Properly-preventing XSS in cross-origin iframe messages

Question

I'm building a site where anyone will be able to interact with my iFrame through the postMessage command (i.e. sandboxed functions, not total control of the window). How can I do that without exposing my visitor's cookies through XSS? https://developer.mozilla.org/en-US/docs/Web/API/Window/postMessage#Security_concerns

Let's say I have the following receive function:

var secret = localStorage.getItem("secret");

window.addEventListener(message,function(e){
     // any e.origin is allowed
     if(e.func=="doX"){
            var string = e.data.string1 * e.data.string2;

     }else if(e.func=="doY"){
            // another javascript function, no DOM interaction
            config[e.data.key] = e.data.value;

     }else if(e.func=="doZ"){
          document.getElementById("app")=e.data.title
          document.getElementById("description")=e.data.description
     }
})

I read on the Mozilla page that allowing request from any origin is pretty dangerous. How can I properly prevent XSS for each of the doX, doY, and doZ scenarious?

I gave it a try too. Are these functions safe?

var secret = localStorage.getItem("secret");

window.addEventListener(message,function(e){
     // any e.origin is allowed
     if(typeof e.func!=Number) return;

     if( e.func < 0 || e.func > 2) return;

     if(e.func==0){ //  we will call this "Safe 0"

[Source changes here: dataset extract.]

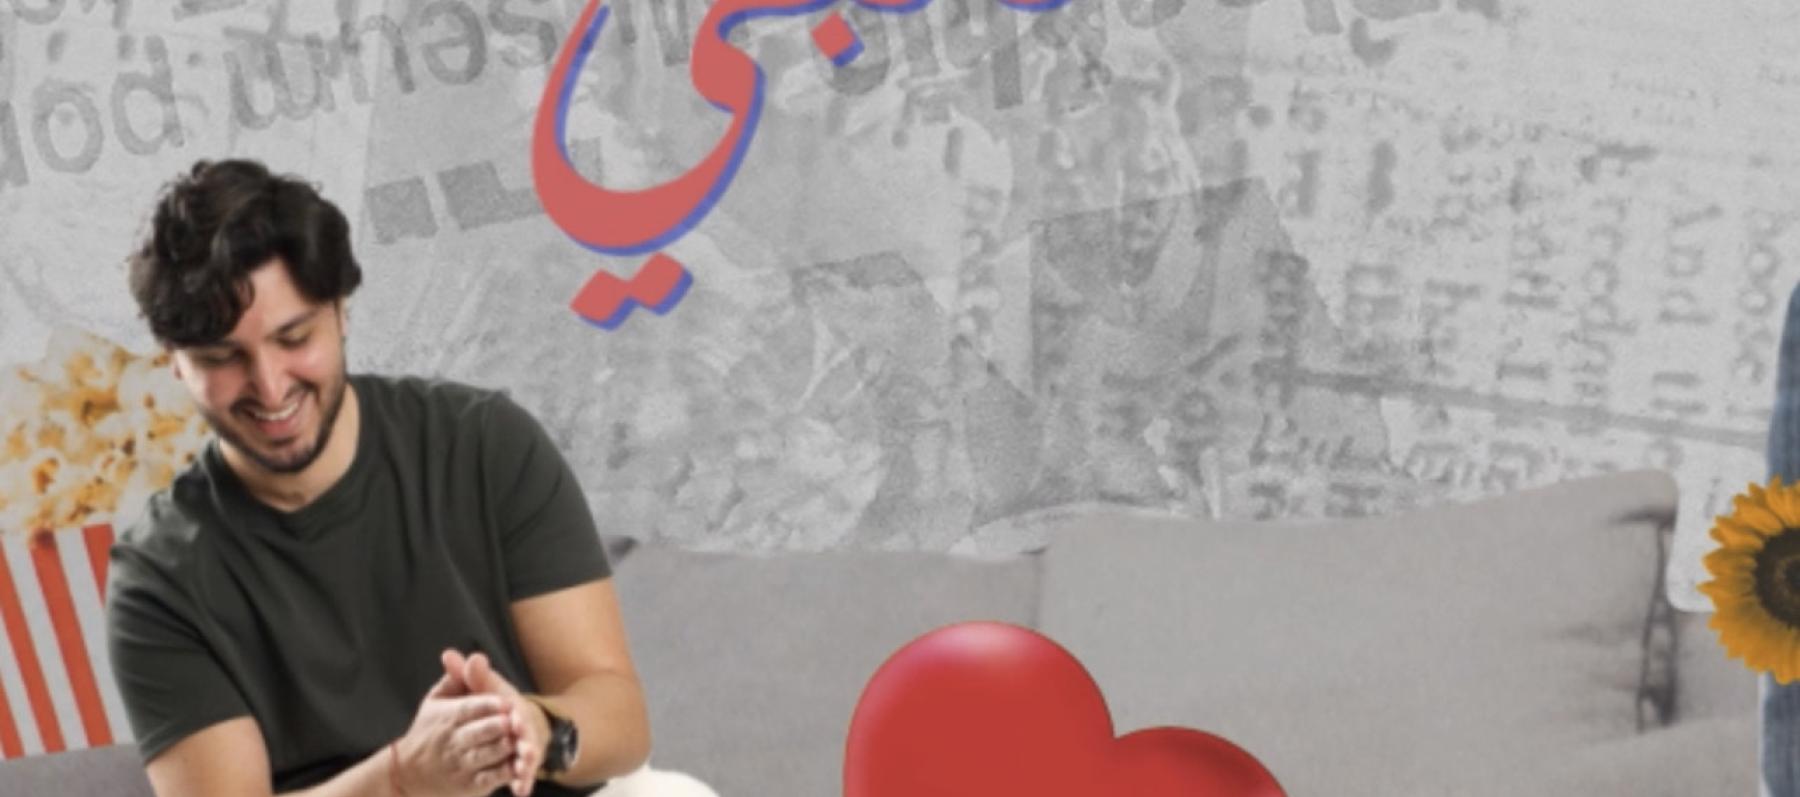 محمد شاكر يغني "عن قلبي" بالمصرية

            if(e.data.num1 > 1000 || e.data.num2 > 1000) return;
            var num3 = e.data.num1 * e.data.num2;

     }else if(e.func==1){ // safe 1

            if(!isHex(e.data.value))return; // see below for isHex func

            config['something'] = e.data.value;

     }else if(e.func==2){ // safe 2

          if(e.data.title.length < 8) document.getElementById("app")=e.data.title;

          if(e.data.description.length < 15)document.getElementById("description")=e.data.description

     }
})
function isHex(h) {

    var a = parseInt(h,16);
    return (a.toString(16) === h)

}

I have learned that HTML input elements will also be inaccessible from the hosting site, meaning that these "postMessage"s are the main source of vulnerability. Source for this last statement: Get value of input field inside an iframe

Answer 1

As long as I don't run an eval statement on messages sent using the postMessage function to my window, is there any way arbitrary code can be executed?

Any of the usual client-side JS XSS attack vectors are open.

So as well as eval, you have various eval-by-proxy features (such as new Function()), the effect of inserting data from the message into the DOM in an unsafe fashion, etc.